Defending against Data Poisoning Attacks in Federated Learning via User Elimination
Nick Galanis
TL;DR
This work addresses data poisoning in Federated Learning by proposing a privacy-preserving defense that eliminates adversarial clients during aggregation. The key idea is to have clients report their local training loss with Local Differential Privacy, and to use loss-based anomaly detection—especially a K-Means clustering approach—to identify and ban malicious participants. Across MNIST and CIFAR-10, the defense maintains model utility, preserves privacy, and achieves high attacker-detection metrics, even when up to 40% of clients are malicious.
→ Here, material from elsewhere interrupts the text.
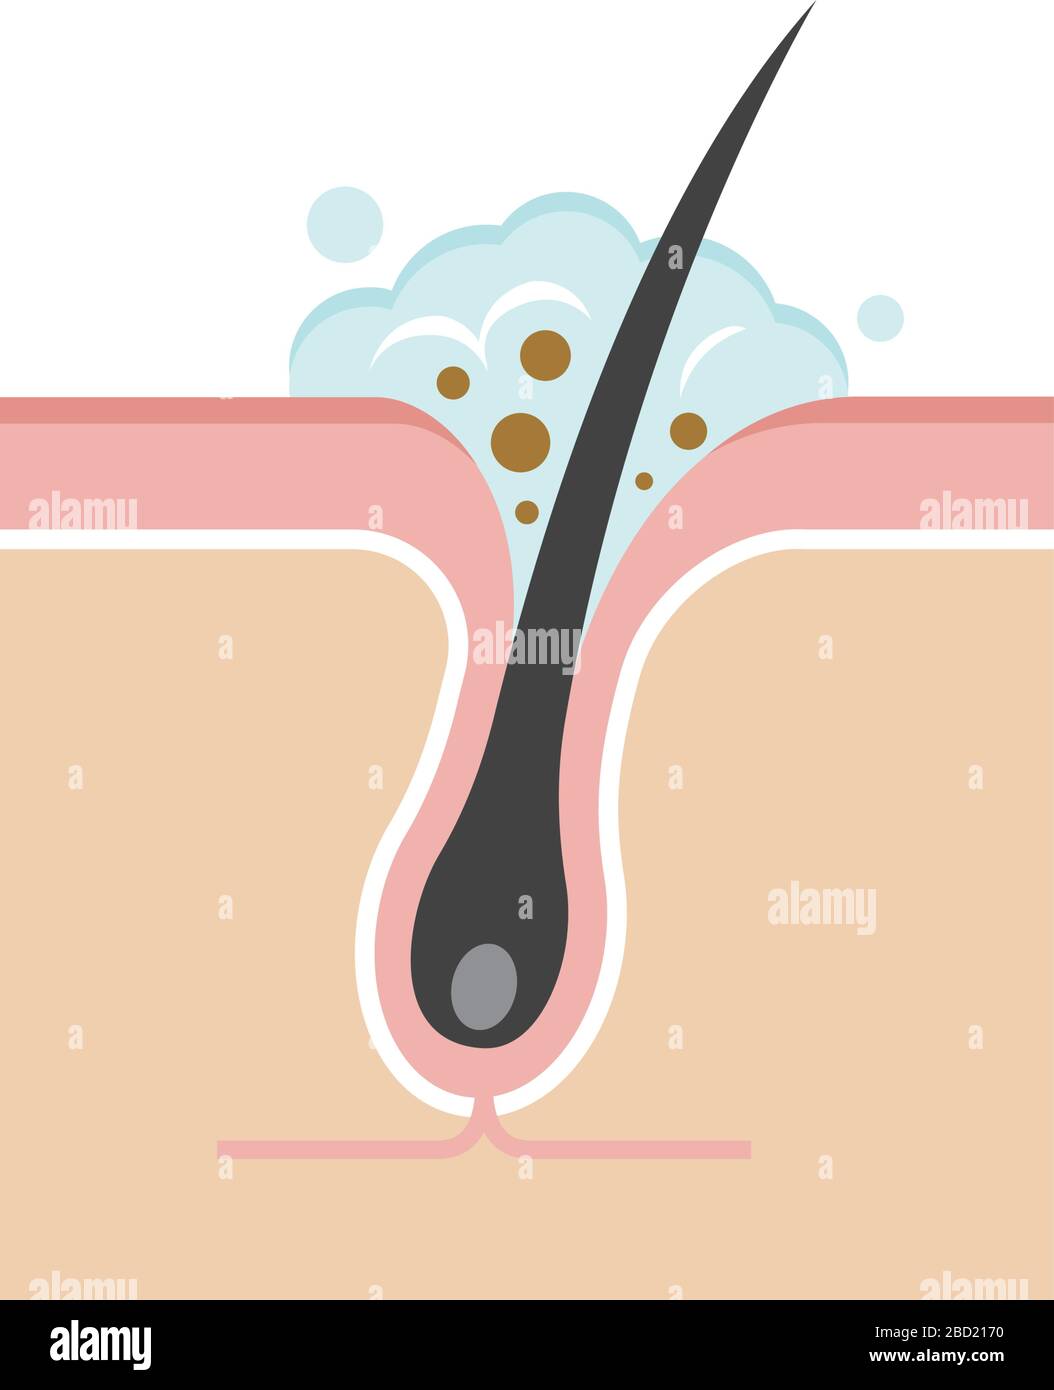 Structure illustration of pores /cleansing, clear keratotic plug (whitehead). Stock Vector

The approach demonstrates a practical balance between privacy and utility, enabling safer deployment of FL in privacy-sensitive domains and inviting future refinements in threat modeling and defense strategies.
Abstract
In the evolving landscape of Federated Learning (FL), a new type of attacks concerns the research community, namely Data Poisoning Attacks, which threaten the model integrity by maliciously altering training data. This paper introduces a novel defensive framework focused on the strategic elimination of adversarial users within a federated model. We detect those anomalies in the aggregation phase of the Federated Algorithm, by integrating metadata gathered by the local training instances with Differential Privacy techniques, to ensure that no data leakage is possible. To our knowledge, this is the first proposal in the field of FL that leverages metadata other than the model's gradients in order to ensure honesty in the reported local models. Our extensive experiments demonstrate the efficacy of our methods, significantly mitigating the risk of data poisoning while maintaining user privacy and model performance. Our findings suggest that this new user elimination approach serves us with a great balance between privacy and utility, thus contributing to the arsenal of arguments in favor of the safe adoption of FL in safe domains, both in academic setting and in the industry.